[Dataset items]
▽

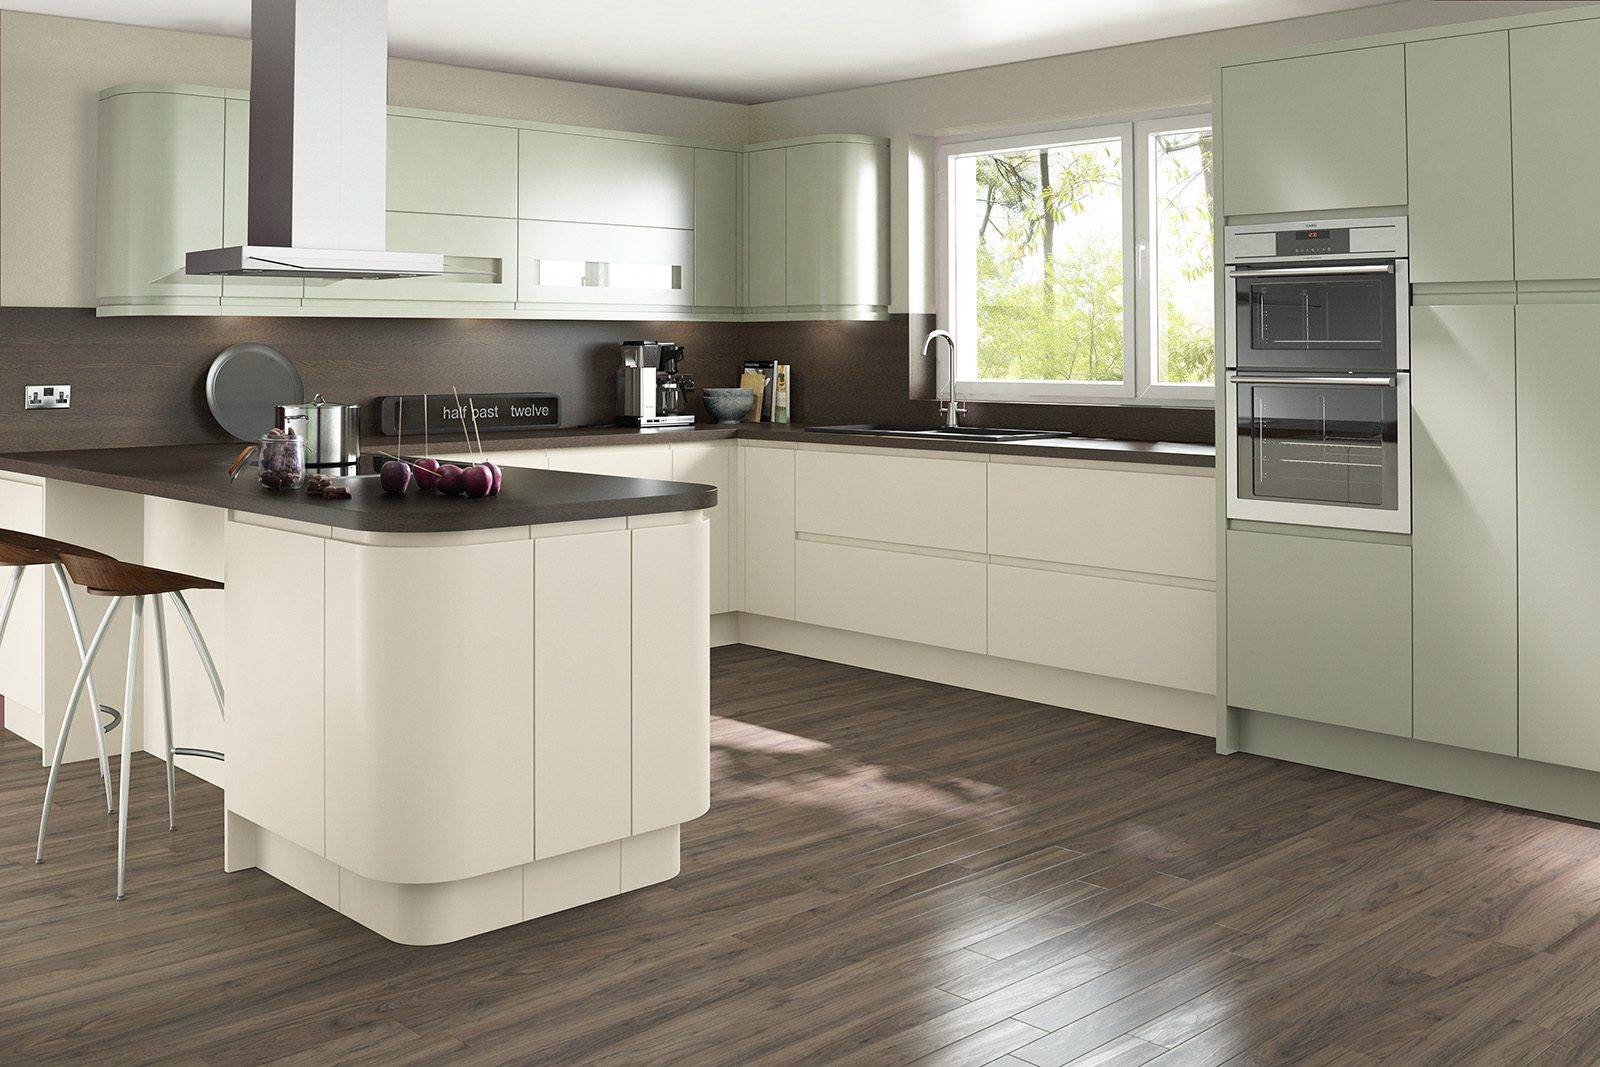 In Line Painted Ivory And Green | Net Kitchens, Walthamstow
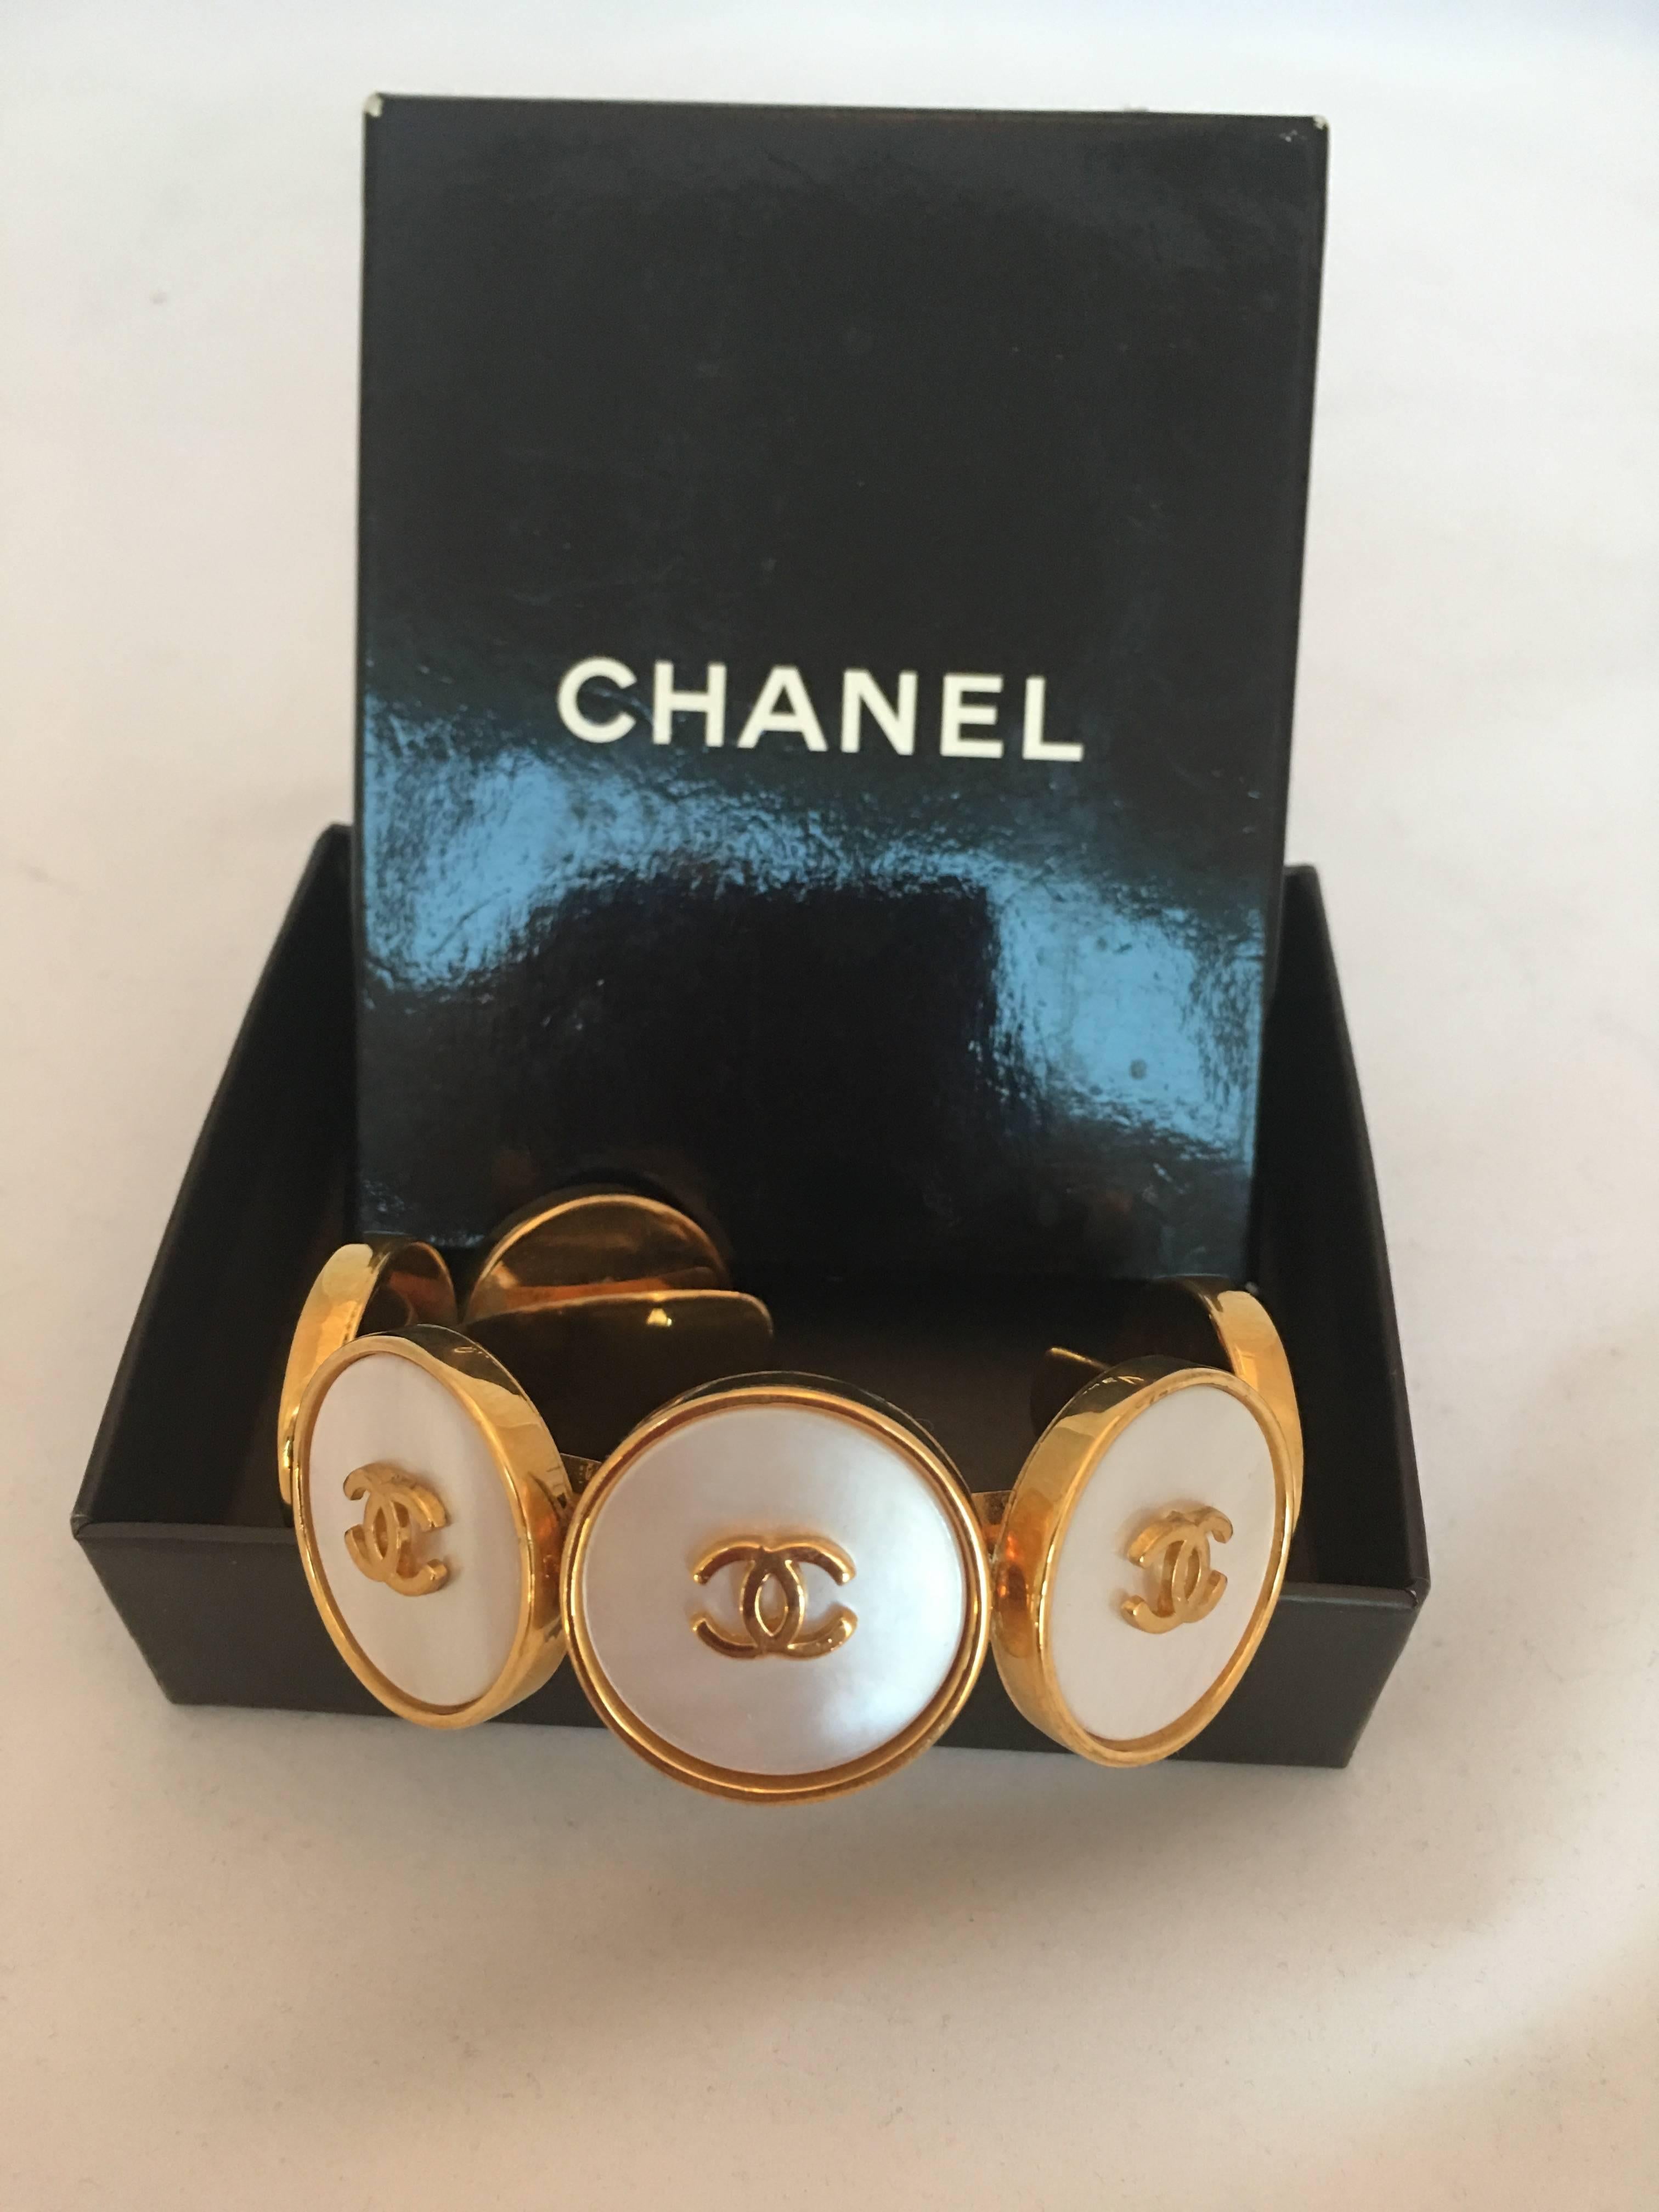 Chanel 1980's Mother of Pearl & Gold Tone Cuff Bracelet

Width: 1
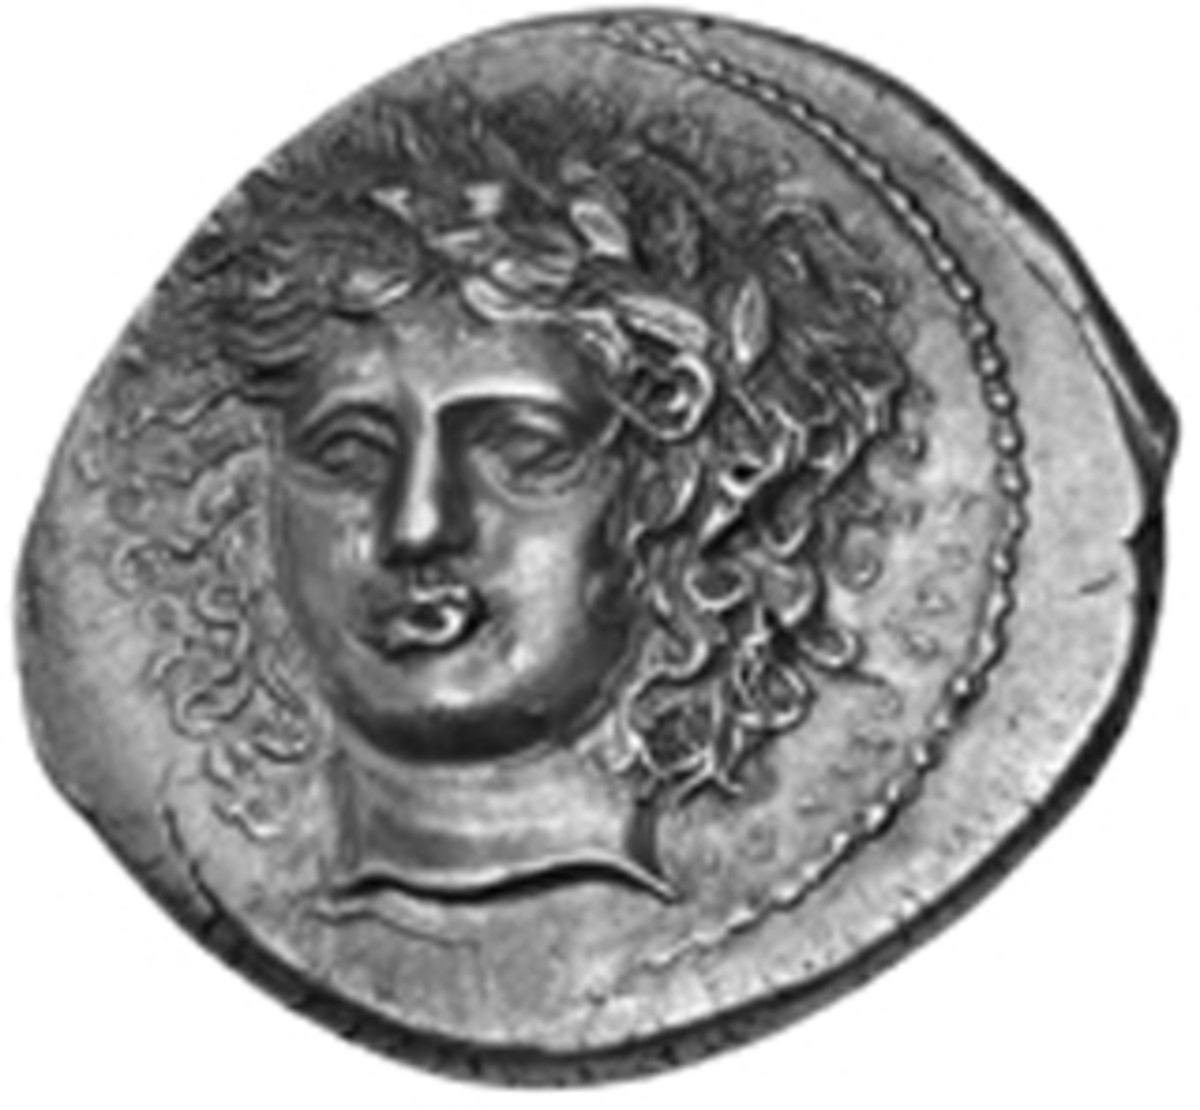 This rare ancient greek coin was seized at a coin show in 2012.
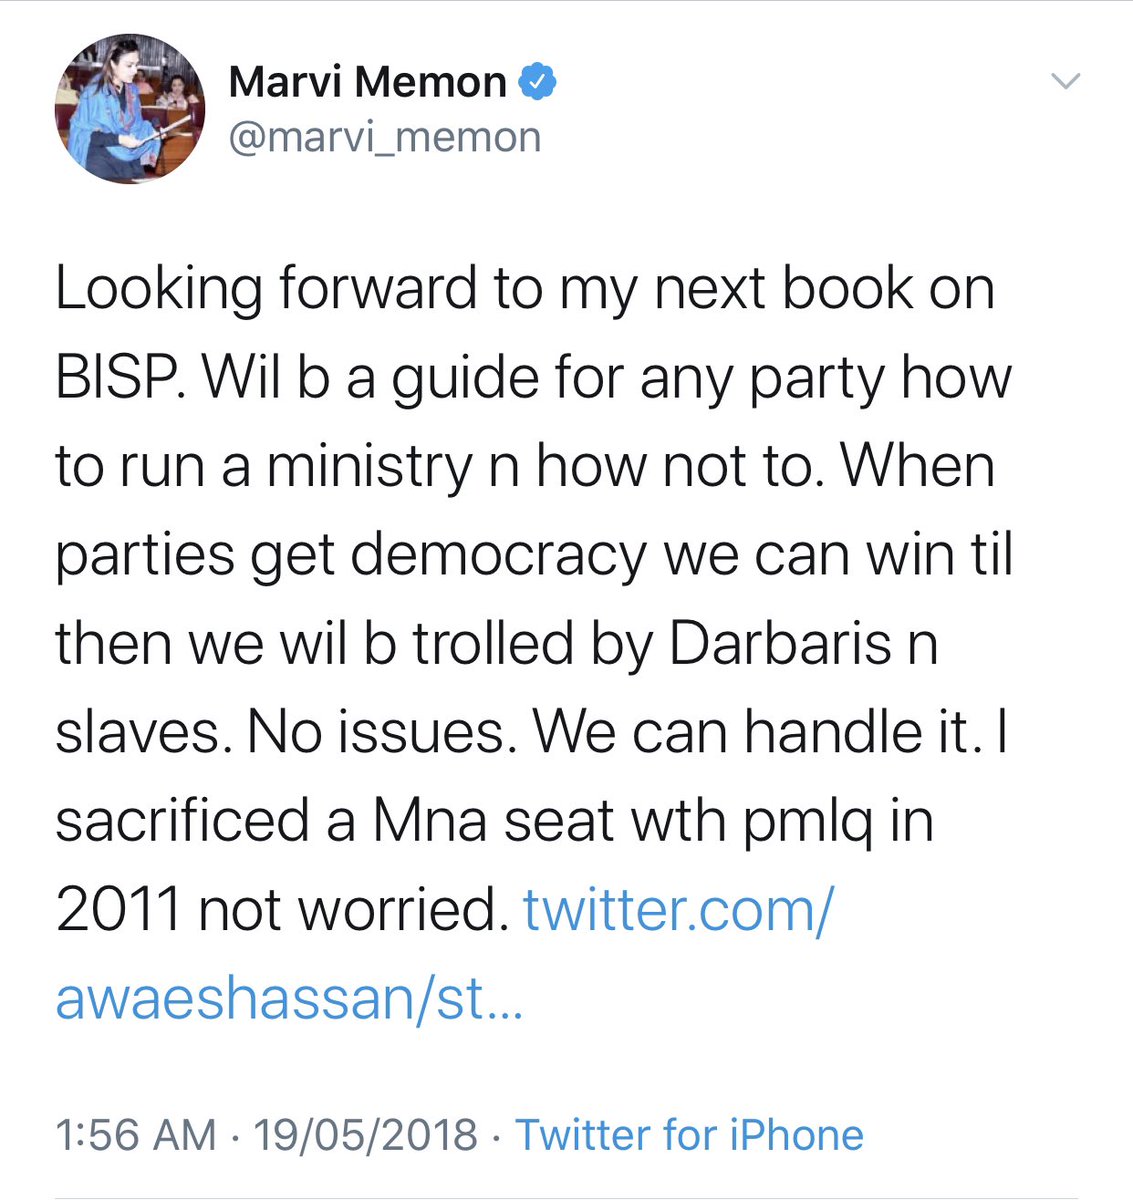 It’s only after falling out with Pmln,their Nominated Chairperson BISP jeers at Pmln leadership,promising to write a book on program & scope without political intervention as well as accusing Pmln of non-democratic practices.

△

**Directions for this task:**
Write out exactly the stretch of lines that begins with the line containing "Chanel 1980's Mother" and ends with the last line of the records above, leaving out the pictures.

**Task response:**
 Chanel 1980's Mother of Pearl & Gold Tone Cuff Bracelet

Width: 1
 This rare ancient greek coin was seized at a coin show in 2012.
 It’s only after falling out with Pmln,their Nominated Chairperson BISP jeers at Pmln leadership,promising to write a book on program & scope without political intervention as well as accusing Pmln of non-democratic practices.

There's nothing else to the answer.